◆ INFORMATION PROVIDED
★ ★ ★

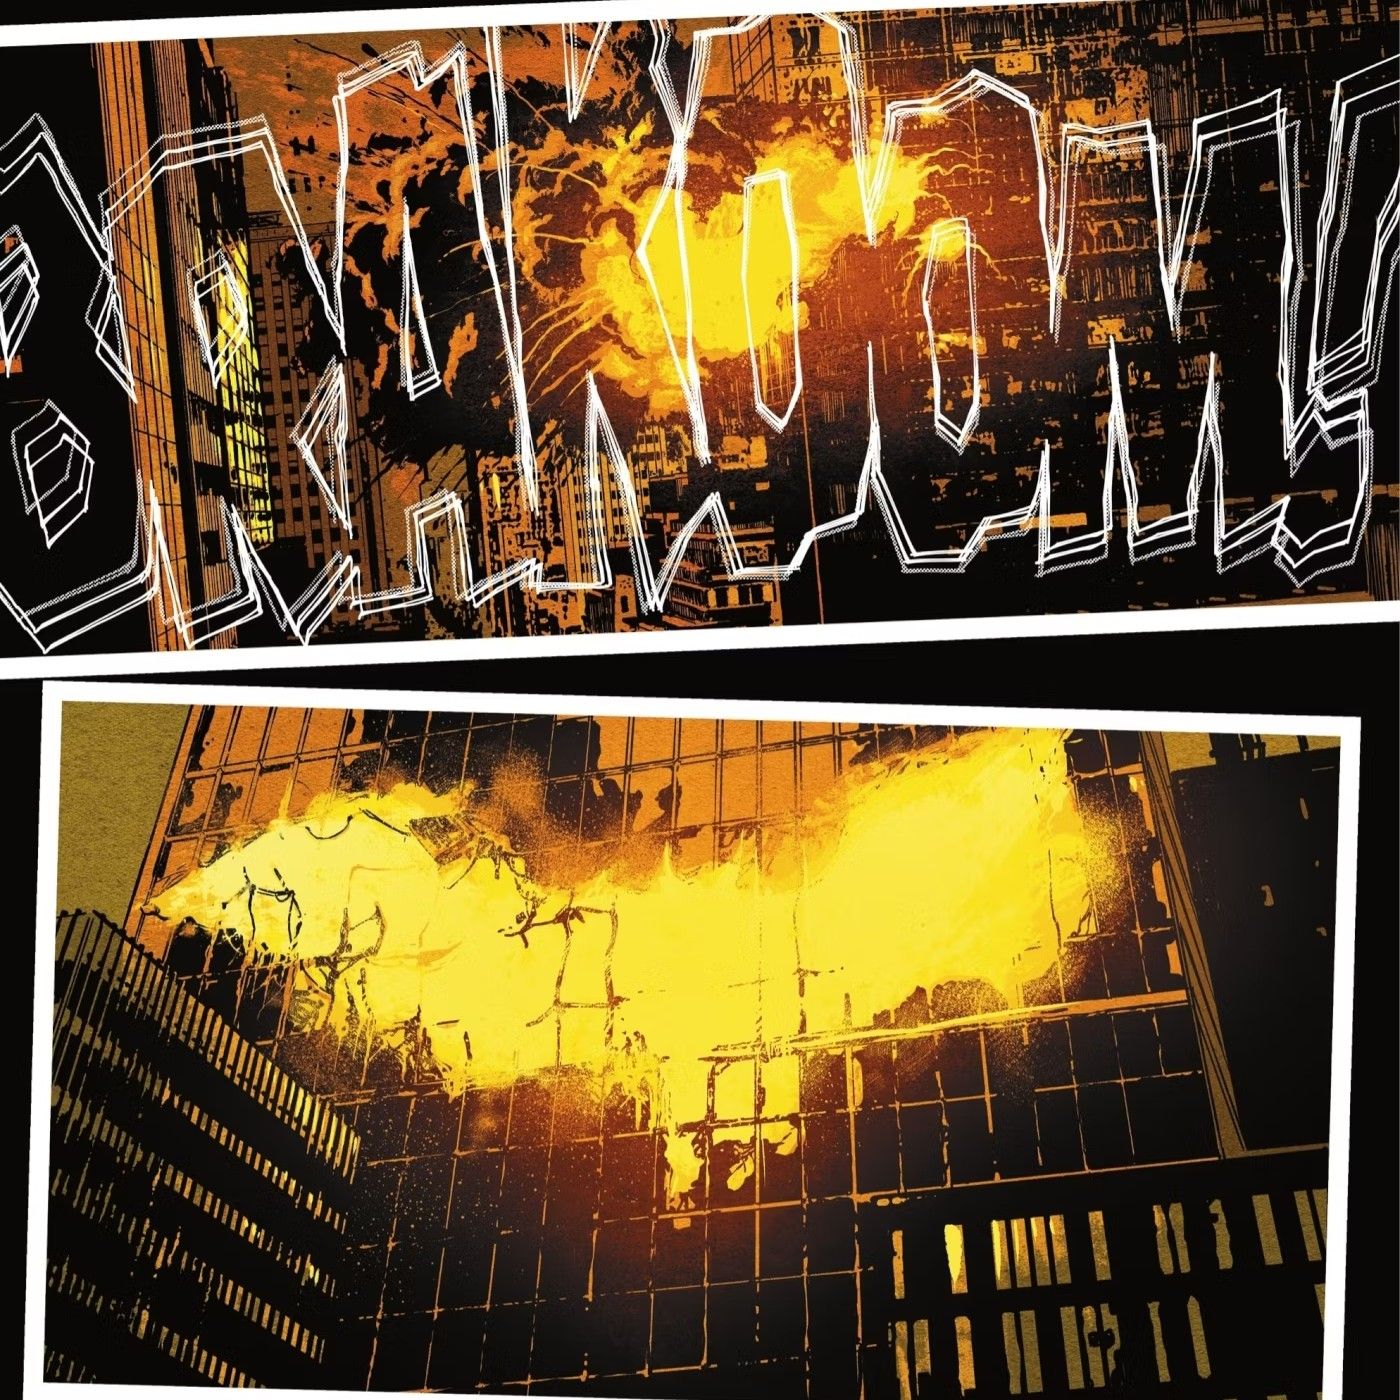 Painéis de quadrinhos: o símbolo do Batman aparece em chamas após a explosão de um prédio.
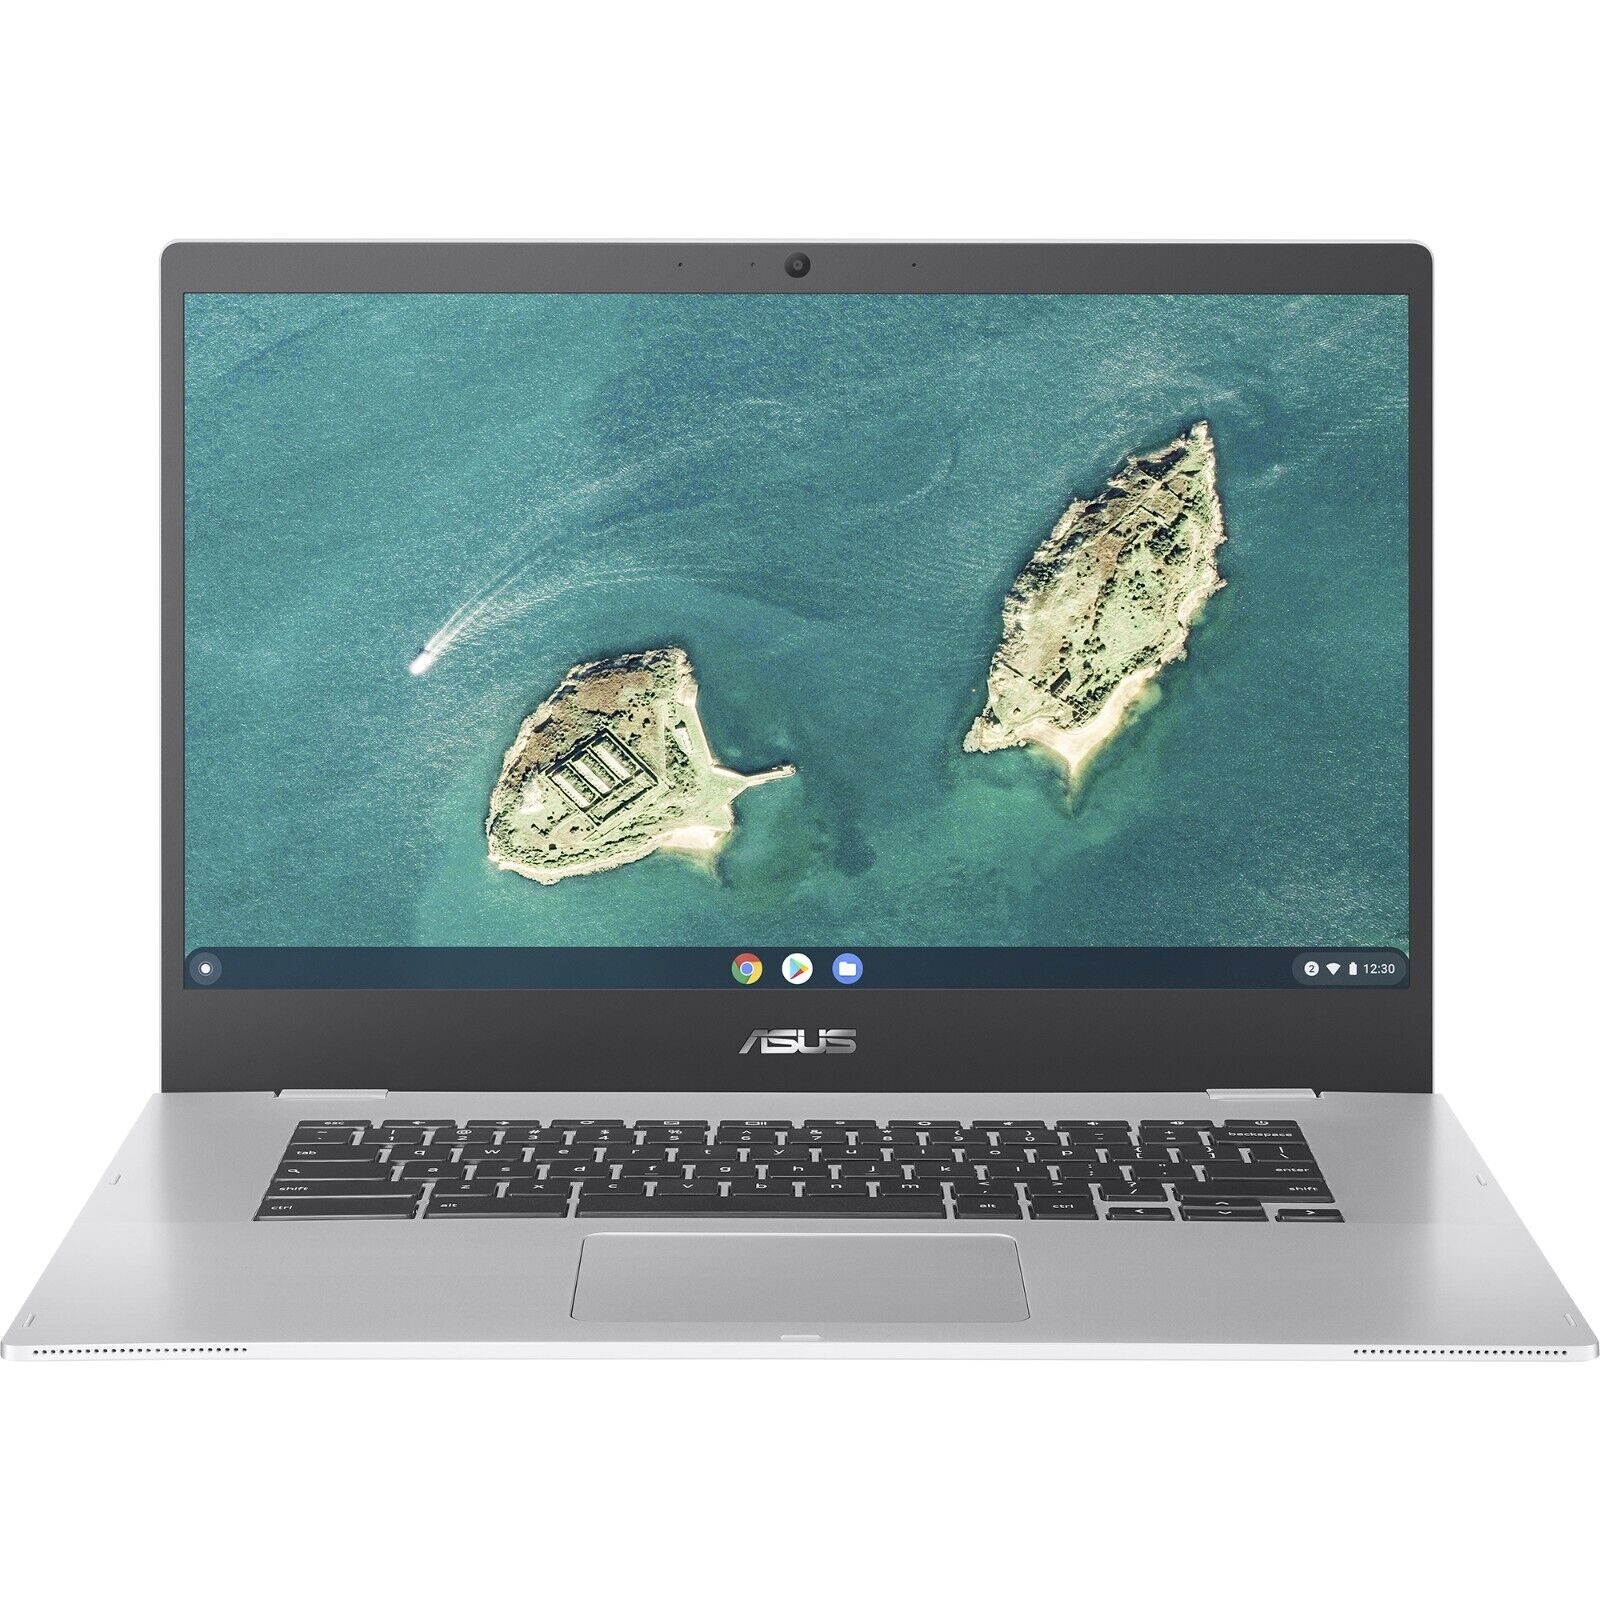 ASUS ChromeBook CX1500CKA 15.6
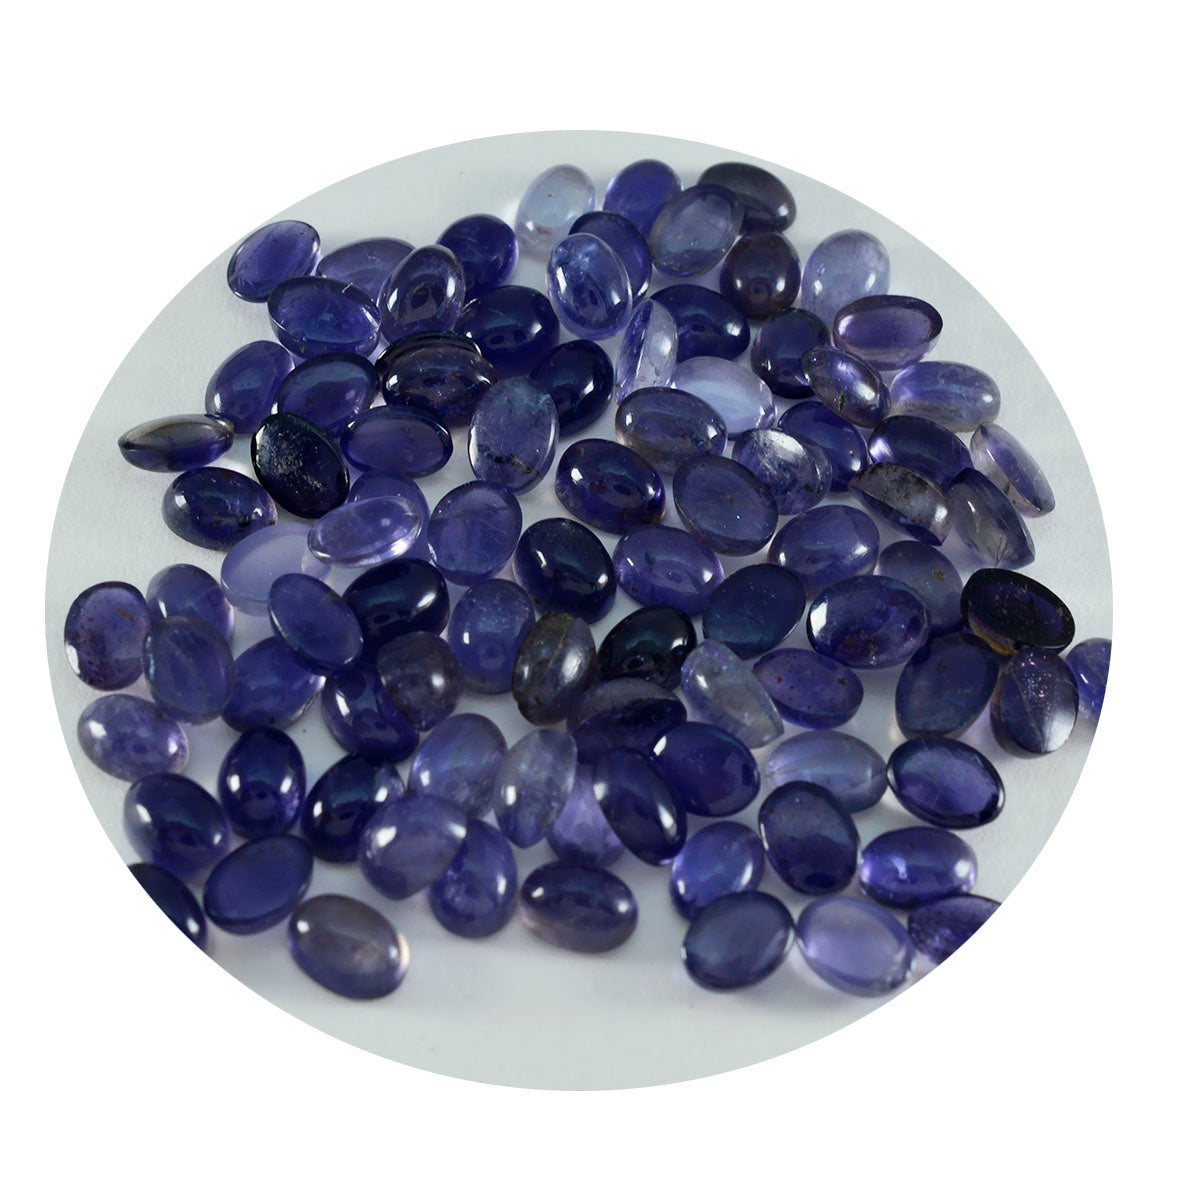 riyogems 1 шт. синий иолит кабошон 3x5 мм овальной формы красивый качественный свободный драгоценный камень

★ ★ ★

◆ WORK REQUEST
Each line above should be set down exactly as written, with pictures excluded.

◆ EXPECTED ANSWER
 Painéis de quadrinhos: o símbolo do Batman aparece em chamas após a explosão de um prédio.
 ASUS ChromeBook CX1500CKA 15.6
 riyogems 1 шт. синий иолит кабошон 3x5 мм овальной формы красивый качественный свободный драгоценный камень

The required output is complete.